It is of course simpler to use an instant client if you don't have a full client on your PC as it is just a case of unzipping the instant client and copying the files and sub-directories (usually vc8, vc9 or vc14) to the place you want to use it.
One issue with an instant client is that until 19c it doesn't natively support TCPS and wallets with the EZCONNECT syntax. When you use 19c there is additional syntax to support this (I will do an additional blog post for this soon).
This blog post is based on making a TCPS connection to the database initially with SQL*Plus to prove the connection works and then with PFCLScan to show that we can connect in PFCLScan with a TNS alias and an instant client but also we can make a TCPS connection to the database/listener.
The following details this process and shows how PFCLScan works with this setup
Introduction
This is a short description to cover connecting from PFCLScan and also SQL*Plus from a client PC to a database that has SSL encryption setup.
This is also a test with an instant client and not a full Oracle client
This will also work with cloud setups and an autonomous database for instance. In this test case we instead made an SSL connection to a 12.2 SE Oracle database with SSL encryption and a self signed certificate and the same certificate in the client/server wallets for ease of setup. But this set up allows TCPS connection to the database and proves that the TCPS connection works.
Server Setup
I am not going to describe the server setup in detail but can provide copies of my sqlnet.ora, listener.ora and orapki commands if needed.
I set up a TCPS connection setup in my 12.2 single instance SE2 database. This uses port 2484 for the TCPS and has a self signed certificate in a wallet on the server. This wallet is then referenced in my sqlnet.ora and listener.ora on the server.

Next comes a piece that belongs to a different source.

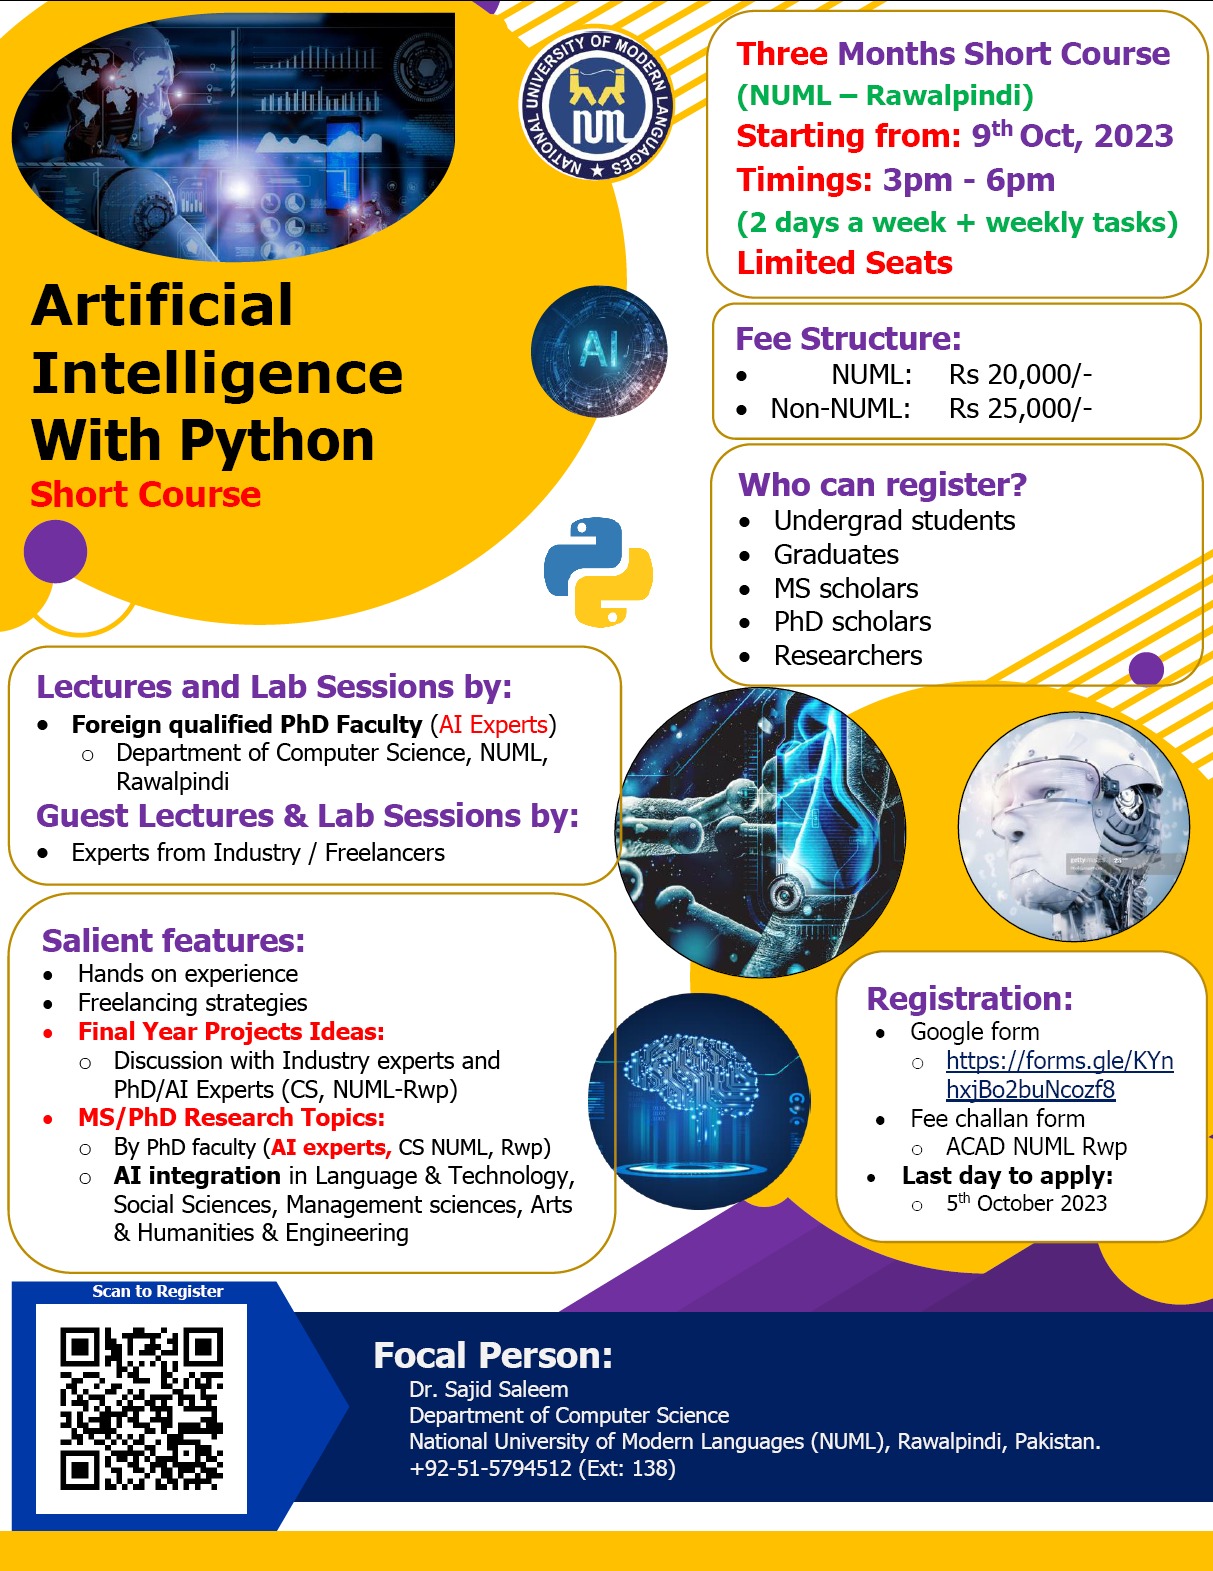 Artificial Intelligence with Python - Short Course
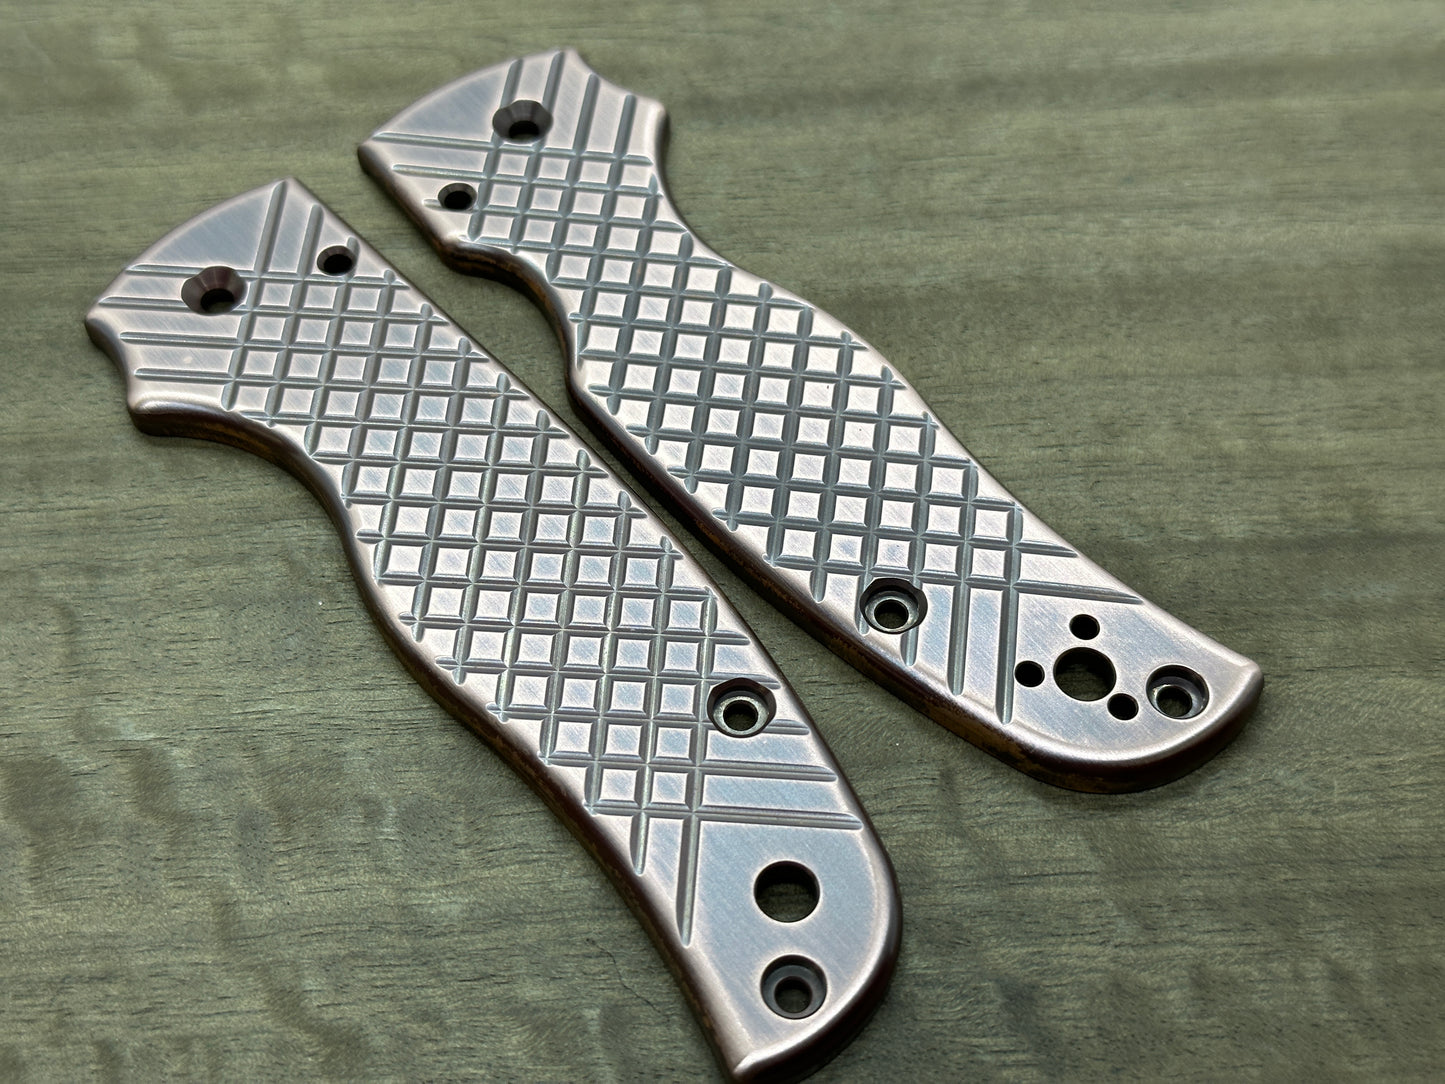 FRAG milled 2-Tone Dark & Brushed Copper Scales for SHAMAN Spyderco

As I am using an instant client on the PC I do not have orapki to set up the client wallet as the instant client does not ship this. So, I created the wallet and installed the certificate on the server and then copied the wallet files to the PC for the client to use.
Client Setup
I created a directory on my PC and copied the 11.2.0.4 32bit instant client into this directory. I also copied the sub-directories vc8 and vc9 into the same directory:
The above is the basic instant client for 11.2.0.4 and also the sqlplus add on. They are both zip files so just copy the contents to the directory.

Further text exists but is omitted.